8/1/2009 c1 Si-Sidera
This story has such a great quality to it! I admire how well you approach the nature of humans, and the world we live in. I especially loved how you said that our bodies are our protective shells that hide our fragile humanity. A great line.

I think that the fact that you are approaching the effect of 911 and the terroism through a girls eyes adds something special. There are so many viewpoints in the world, that we concentrate on one and forget about the others. Thank you for writing this story.
7/30/2009 c1 7FictionismyGame
Wow, you know most of your stories really make you think. And this one especially. I'm writing this at like 10, and my brain is starting to go into shut down mode, so if this doesn't make sense, I'm sorry. Plus I don't really know how to word it. This makes you think about what could happen to religious people and how they are treated even every day, now. I mean I'm christian, but most people don't find that as different as Muslims sometimes, but sometimes they do. And if any of this is insulting. Once again I must apologize, considering I couldn't remember the word for insulting a little while ago. But wow, this is deep. Good job.
5/9/2009 c1 andeleted
Hah, I actually went and got a spoon from downstairs, put it in my mouth, and spoke, just to see what it sounded like. Good description there~

ANY way, I would just like to say, Bravo. This has my mind reeling! The way you put our modern society into such characterization was marvelous.
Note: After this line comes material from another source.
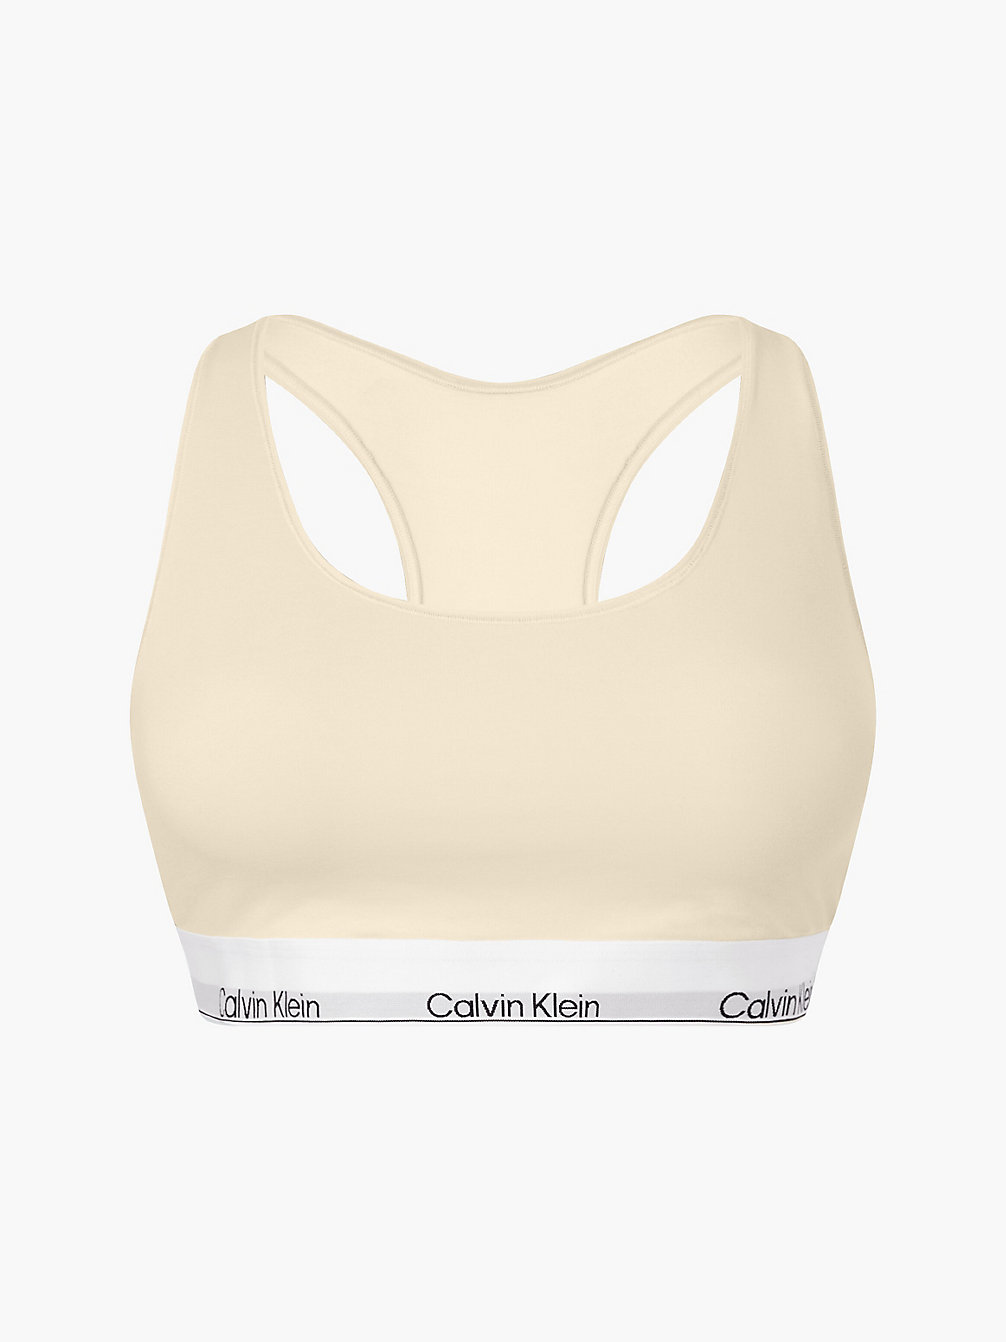 STONE > Bralette Großen Größen – Modern Cotton > undefined Damen - Calvin Klein

["People are so hungry, these days; they have no control."] Like that, right there, pretty much sums up the past few generations, referring to much more than food.

And I, personally, wanted to drop kick Vinny in the face. Ugh people like that.

That's another thing, whilst reading this, I felt little spurs of anger, sadness, in-your-face!...ness. Point being, this really got me to feel, which is probably the hardest thing for an author to accomplish.

The thing I loved most had to be the flow. I love that you built up to the main point of the story instead of making it known from the start.

There's so much I want to say about this, I can't really get it all to come out straight, hah.

Oh! The meaning of names was a nice touch, and it was good to see it repeated a bit, sticking with the opening line. It tied some parts together splendidly.

I adore Leila. Her thought processes really let the reader understand her and relate to her.

I truly can't find anything negative or critical to say about this.

I loved it.

Bravo.
5/2/2009 c1 4bringmayflowers
I LOVE this.

Oh my gosh.

It's two in the morning here and I found this through your livejournal but oh my goodness... I LOVE this. I love how you connected the meanings of names to the Bible, to the apple, to Muslims, to the racist jerks in our society, to eating... Wow... just wow.

I know this isn't very much of a critique but I am too impressed to even think straight.

"Being hungry feels better than food tastes. It is the only time I feel any power over myself."

THIS... It just defines something I've...well...I've felt before.

Just...wow.

I am...speechless.

Wow.

I commend you.
3/8/2009 c1 11MissLaFontizzle
This really works for me. I have some connection to this, not being Muslim, but being different. Making a name for oneself is important, and wasting the time on being invisible isn't worth it. I enjoyed it.
2/28/2009 c1 5brittle hearts
What I like most about this piece is that you brought us into the main theme gradually, which makes the impact much greater. Also, despite the short length, you managed to bring out Leila's characterisation so well that I really felt for her whenever she wanted to disappear, and shared that sense of triumph with her when she finally told Vinny what she'd wanted to say for ages. This was really poignant and beautiful. I love how your works always have an important message behind them, because that's what writing should be about!
2/1/2009 c1 9Dot Cubed
omg, writ. this was absolutely amazing. like i'm sitting here, contemplating whether or not i'm going to cry, because i don't know, something about this just DID that to me, if that makes any sense. and like, i am so mad at myself for not actually reading this earlier and just sort of skimming it all the time, because this was honestly that amazing and i love leila to PIECES but my heart breaks for her at the same time and vinny is such an ass and i am totally not coherent right now. i want to be, but i'm not, and part of me blames that on the fact that i just woke up (i slept really late today...it's 1:35) but i don't know.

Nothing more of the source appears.